# Surprise



## febail (Sep 28, 2011)

We bought "Surprise", a 1977 Catalina 27 to have a place to decompress, enjoy the wind, and brush up on our sailing skills.

We got an out of water survey and she's sound. With any 34 year old boat, she'll need constant care.

So wish us luck...


----------



## Mark1948 (Jun 19, 2007)

Best wishes. Hopefully you have crawled through and searched every nook and cranny. Not so much to look for flaws, but to become part of your boat and develope a good relationship.


----------



## MARC2012 (Mar 17, 2008)

Good luck,& happy sailing.marc


----------



## febail (Sep 28, 2011)

Thanks for the a advice, we are becoming one with the boat quickly for she is small...


----------



## Donna_F (Nov 7, 2005)

Congratulations! 

Consider joining the owners association and/or a local fleet. Lots of support to be had.


----------



## Andyman (Jul 20, 2007)

febail said:


> Thanks for the a advice, we are becoming one with the boat quickly for she is small...


She may be small but she will bring you huge sailing adventures!
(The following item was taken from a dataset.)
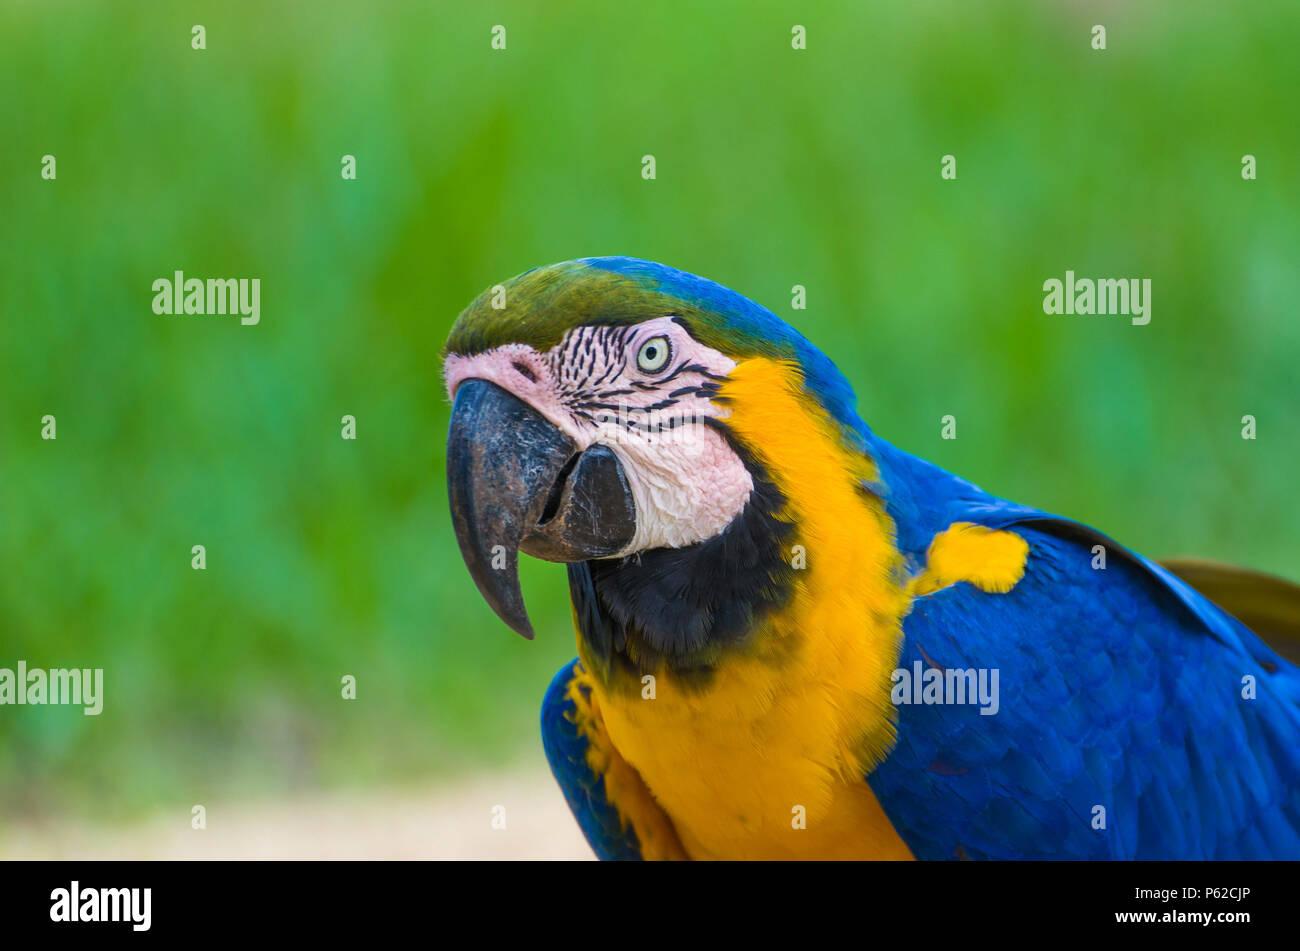 Beautiful Blue-and-yellow Macaw (Ara ararauna) in the Brazilian wetland. Stock Photo
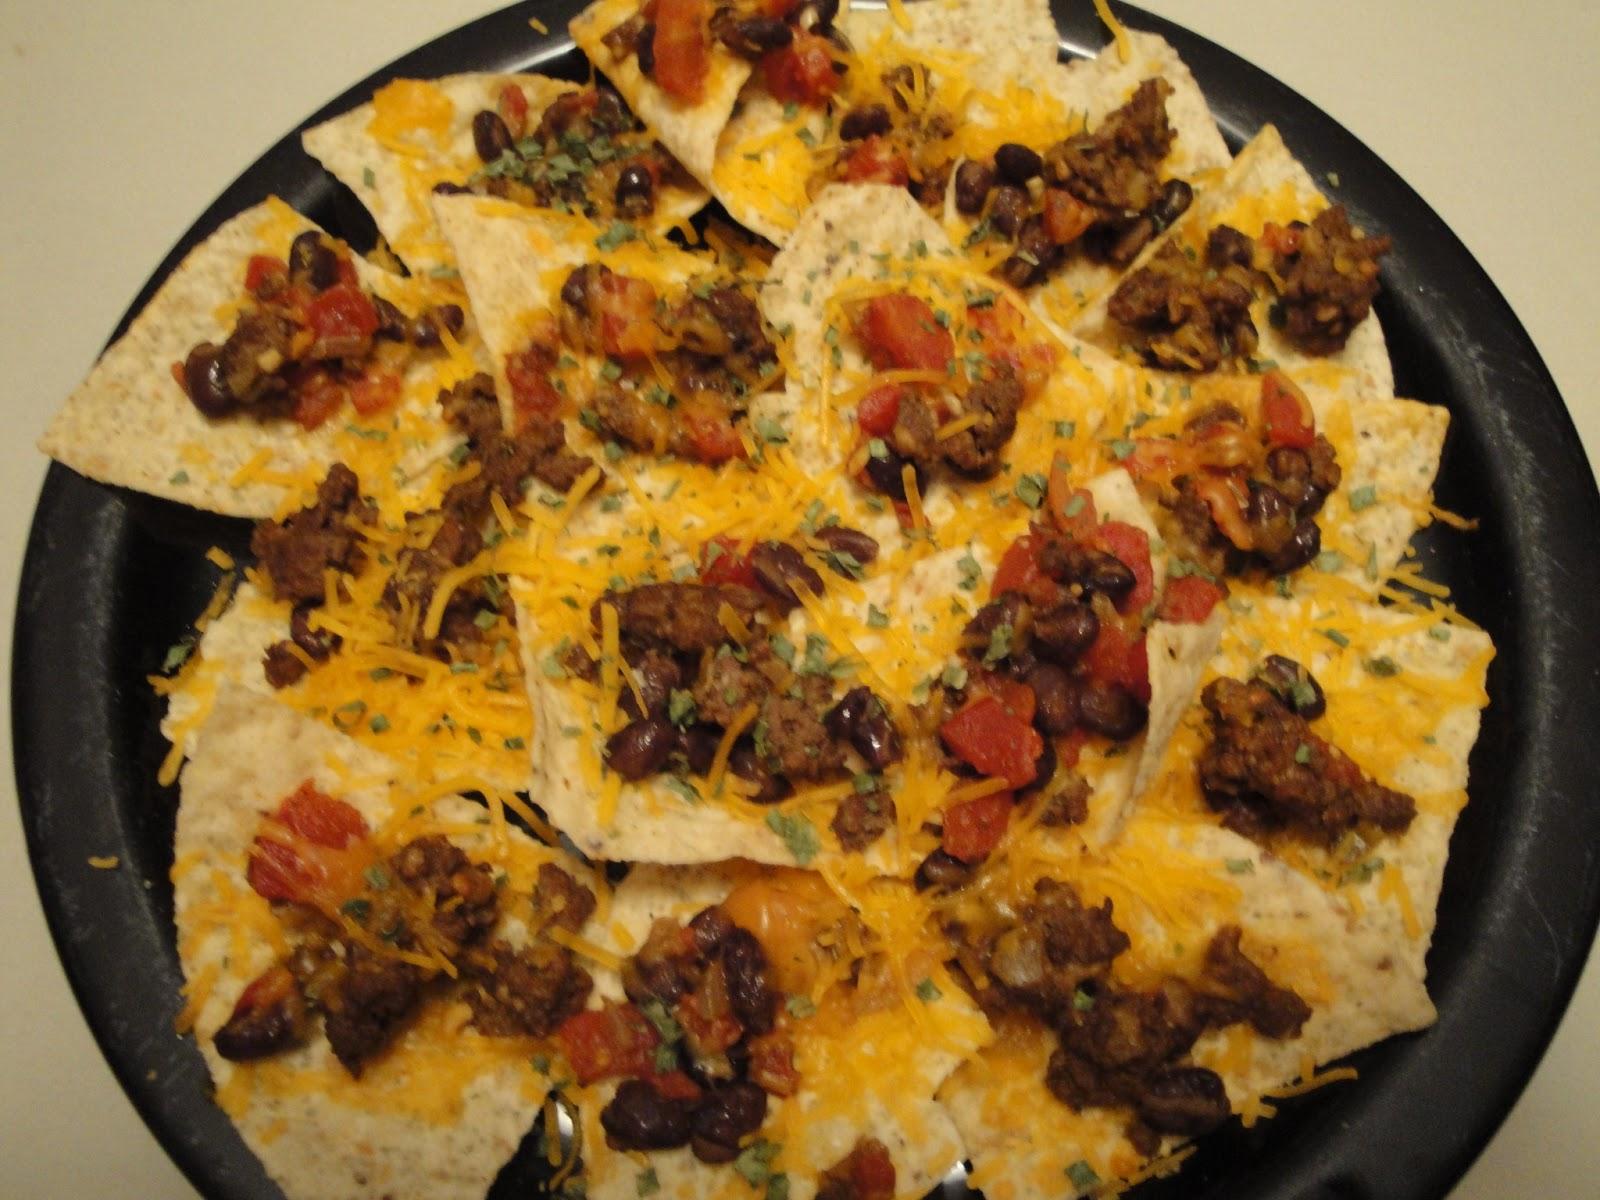 ... nachos caribbean nachos breakfast nachos shrimp nachos nachos fabuloso

Congrats!


----------



## rbrasi (Mar 21, 2011)

febail said:


> We bought "Surprise", a 1977 Catalina 27 to have a place to decompress, enjoy the wind, and brush up on our sailing skills.
> 
> We got an out of water survey and she's sound. With any 34 year old boat, she'll need constant care.
> 
> So wish us luck...


Welcome, neighbor! Perhaps we will cross paths.


----------



## febail (Sep 28, 2011)

@rabrasi I'll keep my eye for Sandpiper II. For now I'm at Dolphin Marina, but that may soon change...


----------